TASK PROMPT: Please return, word for word, the line containing "MacKenzie Tartan Shoulder" and each line after it through the end of the data below, and nothing else.

── AVAILABLE RECORDS

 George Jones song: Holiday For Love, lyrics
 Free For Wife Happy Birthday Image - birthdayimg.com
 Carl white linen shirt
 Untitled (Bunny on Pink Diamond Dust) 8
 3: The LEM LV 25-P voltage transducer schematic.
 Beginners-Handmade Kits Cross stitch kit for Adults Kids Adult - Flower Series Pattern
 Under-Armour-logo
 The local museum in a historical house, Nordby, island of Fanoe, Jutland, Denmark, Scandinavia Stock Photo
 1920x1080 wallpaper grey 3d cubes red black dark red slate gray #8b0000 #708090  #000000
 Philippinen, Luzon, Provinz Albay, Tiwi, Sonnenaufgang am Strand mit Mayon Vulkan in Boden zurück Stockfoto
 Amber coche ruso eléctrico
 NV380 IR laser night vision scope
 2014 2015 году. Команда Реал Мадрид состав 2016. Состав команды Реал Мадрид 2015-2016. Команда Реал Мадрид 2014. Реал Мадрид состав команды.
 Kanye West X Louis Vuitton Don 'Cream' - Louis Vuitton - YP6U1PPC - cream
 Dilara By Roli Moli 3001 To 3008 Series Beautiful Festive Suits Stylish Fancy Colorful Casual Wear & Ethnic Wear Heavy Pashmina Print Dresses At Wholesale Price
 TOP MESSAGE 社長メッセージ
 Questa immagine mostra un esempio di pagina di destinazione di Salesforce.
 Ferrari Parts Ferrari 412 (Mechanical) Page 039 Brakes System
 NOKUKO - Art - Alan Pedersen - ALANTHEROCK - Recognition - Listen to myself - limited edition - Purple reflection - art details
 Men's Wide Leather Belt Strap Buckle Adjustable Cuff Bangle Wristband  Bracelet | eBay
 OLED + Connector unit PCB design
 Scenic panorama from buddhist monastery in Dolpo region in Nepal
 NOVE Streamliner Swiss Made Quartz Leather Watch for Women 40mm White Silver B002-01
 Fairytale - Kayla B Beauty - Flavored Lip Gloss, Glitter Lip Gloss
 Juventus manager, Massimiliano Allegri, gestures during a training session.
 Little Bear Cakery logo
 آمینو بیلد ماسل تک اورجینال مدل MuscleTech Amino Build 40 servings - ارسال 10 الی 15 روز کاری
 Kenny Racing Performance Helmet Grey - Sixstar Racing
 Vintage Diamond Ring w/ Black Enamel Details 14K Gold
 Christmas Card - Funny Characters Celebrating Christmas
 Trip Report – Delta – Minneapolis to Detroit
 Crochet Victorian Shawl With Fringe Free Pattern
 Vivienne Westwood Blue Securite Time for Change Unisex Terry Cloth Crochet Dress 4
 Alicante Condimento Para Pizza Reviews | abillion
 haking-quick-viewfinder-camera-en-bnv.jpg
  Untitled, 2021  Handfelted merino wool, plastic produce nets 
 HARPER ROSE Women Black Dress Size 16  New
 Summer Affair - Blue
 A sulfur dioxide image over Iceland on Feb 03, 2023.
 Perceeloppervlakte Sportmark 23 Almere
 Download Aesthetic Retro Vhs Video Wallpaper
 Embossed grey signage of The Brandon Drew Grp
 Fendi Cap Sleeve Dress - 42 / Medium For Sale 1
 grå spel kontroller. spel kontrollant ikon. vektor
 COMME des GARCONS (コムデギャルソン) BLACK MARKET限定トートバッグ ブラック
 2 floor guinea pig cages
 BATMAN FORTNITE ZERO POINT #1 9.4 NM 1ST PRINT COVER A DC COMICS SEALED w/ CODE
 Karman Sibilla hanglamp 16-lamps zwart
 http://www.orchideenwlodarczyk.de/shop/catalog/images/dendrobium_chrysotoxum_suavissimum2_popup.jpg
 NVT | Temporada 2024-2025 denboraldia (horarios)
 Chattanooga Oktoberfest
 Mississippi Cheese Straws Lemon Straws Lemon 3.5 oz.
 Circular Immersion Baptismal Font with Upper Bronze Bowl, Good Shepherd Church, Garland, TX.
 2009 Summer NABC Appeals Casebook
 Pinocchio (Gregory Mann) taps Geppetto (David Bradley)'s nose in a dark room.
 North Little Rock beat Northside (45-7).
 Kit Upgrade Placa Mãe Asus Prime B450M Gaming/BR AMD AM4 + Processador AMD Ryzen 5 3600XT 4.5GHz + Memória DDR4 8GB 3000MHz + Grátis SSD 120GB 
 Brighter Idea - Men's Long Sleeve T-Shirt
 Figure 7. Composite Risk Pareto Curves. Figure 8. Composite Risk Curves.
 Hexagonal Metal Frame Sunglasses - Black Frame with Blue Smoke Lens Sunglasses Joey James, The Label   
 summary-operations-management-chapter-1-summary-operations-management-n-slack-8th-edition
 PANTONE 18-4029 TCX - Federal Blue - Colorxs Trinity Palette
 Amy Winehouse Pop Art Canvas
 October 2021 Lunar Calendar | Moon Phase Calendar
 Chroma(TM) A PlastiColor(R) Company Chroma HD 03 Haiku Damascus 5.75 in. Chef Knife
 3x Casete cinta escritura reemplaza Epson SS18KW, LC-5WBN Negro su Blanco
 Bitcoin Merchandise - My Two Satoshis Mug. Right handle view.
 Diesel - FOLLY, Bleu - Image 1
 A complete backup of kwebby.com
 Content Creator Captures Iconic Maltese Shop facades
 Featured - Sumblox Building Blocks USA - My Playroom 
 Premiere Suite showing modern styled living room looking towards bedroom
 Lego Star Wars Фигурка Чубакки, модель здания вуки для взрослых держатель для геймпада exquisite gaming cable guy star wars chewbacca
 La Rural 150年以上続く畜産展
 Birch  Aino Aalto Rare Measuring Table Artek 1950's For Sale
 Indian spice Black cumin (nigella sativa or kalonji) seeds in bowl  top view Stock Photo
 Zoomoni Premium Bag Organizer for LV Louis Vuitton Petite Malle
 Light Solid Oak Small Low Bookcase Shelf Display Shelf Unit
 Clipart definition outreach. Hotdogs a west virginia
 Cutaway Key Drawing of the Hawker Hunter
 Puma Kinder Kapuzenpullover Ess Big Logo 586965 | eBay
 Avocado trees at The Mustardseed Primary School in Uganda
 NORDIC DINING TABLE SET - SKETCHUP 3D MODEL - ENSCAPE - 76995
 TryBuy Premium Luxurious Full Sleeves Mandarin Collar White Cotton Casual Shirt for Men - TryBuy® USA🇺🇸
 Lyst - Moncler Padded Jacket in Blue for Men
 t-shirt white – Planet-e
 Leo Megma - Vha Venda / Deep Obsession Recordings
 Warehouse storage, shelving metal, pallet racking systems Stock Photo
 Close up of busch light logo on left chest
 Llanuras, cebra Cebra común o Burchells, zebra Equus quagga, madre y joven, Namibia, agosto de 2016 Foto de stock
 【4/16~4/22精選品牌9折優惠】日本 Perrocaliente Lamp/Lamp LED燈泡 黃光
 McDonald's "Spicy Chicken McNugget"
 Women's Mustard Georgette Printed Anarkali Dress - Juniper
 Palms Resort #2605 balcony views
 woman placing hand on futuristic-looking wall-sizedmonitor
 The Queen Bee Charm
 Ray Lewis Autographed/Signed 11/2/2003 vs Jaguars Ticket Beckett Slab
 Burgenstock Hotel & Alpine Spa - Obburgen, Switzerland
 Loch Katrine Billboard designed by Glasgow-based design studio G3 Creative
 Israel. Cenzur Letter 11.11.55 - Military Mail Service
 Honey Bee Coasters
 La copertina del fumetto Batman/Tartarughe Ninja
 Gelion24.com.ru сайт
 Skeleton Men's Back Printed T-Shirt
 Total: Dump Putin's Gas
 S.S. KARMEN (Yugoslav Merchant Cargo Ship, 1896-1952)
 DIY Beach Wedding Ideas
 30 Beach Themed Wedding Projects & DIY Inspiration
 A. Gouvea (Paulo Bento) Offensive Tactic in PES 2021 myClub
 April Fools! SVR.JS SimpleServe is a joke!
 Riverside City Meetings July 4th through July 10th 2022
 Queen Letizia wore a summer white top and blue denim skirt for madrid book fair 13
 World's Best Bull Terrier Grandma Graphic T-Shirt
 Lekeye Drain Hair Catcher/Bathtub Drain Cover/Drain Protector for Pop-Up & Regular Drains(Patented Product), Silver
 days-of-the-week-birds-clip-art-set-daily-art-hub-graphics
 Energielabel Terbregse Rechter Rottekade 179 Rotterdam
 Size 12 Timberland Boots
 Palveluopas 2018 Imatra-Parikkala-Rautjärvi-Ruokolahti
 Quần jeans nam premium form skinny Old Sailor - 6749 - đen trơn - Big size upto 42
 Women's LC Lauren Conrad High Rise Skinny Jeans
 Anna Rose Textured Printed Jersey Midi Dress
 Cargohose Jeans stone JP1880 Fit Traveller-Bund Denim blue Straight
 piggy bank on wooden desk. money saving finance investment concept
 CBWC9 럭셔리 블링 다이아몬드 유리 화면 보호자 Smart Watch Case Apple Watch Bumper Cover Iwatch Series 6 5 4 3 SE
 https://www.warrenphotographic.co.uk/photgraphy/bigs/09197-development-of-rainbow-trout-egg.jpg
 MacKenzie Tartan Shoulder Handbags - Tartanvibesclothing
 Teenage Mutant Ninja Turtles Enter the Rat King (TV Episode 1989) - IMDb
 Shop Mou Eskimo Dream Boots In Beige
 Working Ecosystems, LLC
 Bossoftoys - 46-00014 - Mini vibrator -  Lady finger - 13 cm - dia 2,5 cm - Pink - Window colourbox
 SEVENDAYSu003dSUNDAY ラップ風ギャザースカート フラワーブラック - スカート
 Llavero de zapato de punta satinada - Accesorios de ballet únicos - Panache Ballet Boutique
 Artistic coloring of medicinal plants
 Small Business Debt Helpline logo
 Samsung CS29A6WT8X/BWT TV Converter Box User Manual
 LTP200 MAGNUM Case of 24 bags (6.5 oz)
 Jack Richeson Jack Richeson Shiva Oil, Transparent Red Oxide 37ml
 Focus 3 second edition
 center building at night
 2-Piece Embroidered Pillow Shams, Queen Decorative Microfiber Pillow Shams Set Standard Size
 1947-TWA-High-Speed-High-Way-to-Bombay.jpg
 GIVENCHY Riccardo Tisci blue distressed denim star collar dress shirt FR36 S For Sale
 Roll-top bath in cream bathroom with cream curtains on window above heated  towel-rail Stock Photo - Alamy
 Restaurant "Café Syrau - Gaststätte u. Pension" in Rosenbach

────

RESULT:
 MacKenzie Tartan Shoulder Handbags - Tartanvibesclothing
 Teenage Mutant Ninja Turtles Enter the Rat King (TV Episode 1989) - IMDb
 Shop Mou Eskimo Dream Boots In Beige
 Working Ecosystems, LLC
 Bossoftoys - 46-00014 - Mini vibrator -  Lady finger - 13 cm - dia 2,5 cm - Pink - Window colourbox
 SEVENDAYSu003dSUNDAY ラップ風ギャザースカート フラワーブラック - スカート
 Llavero de zapato de punta satinada - Accesorios de ballet únicos - Panache Ballet Boutique
 Artistic coloring of medicinal plants
 Small Business Debt Helpline logo
 Samsung CS29A6WT8X/BWT TV Converter Box User Manual
 LTP200 MAGNUM Case of 24 bags (6.5 oz)
 Jack Richeson Jack Richeson Shiva Oil, Transparent Red Oxide 37ml
 Focus 3 second edition
 center building at night
 2-Piece Embroidered Pillow Shams, Queen Decorative Microfiber Pillow Shams Set Standard Size
 1947-TWA-High-Speed-High-Way-to-Bombay.jpg
 GIVENCHY Riccardo Tisci blue distressed denim star collar dress shirt FR36 S For Sale
 Roll-top bath in cream bathroom with cream curtains on window above heated  towel-rail Stock Photo - Alamy
 Restaurant "Café Syrau - Gaststätte u. Pension" in Rosenbach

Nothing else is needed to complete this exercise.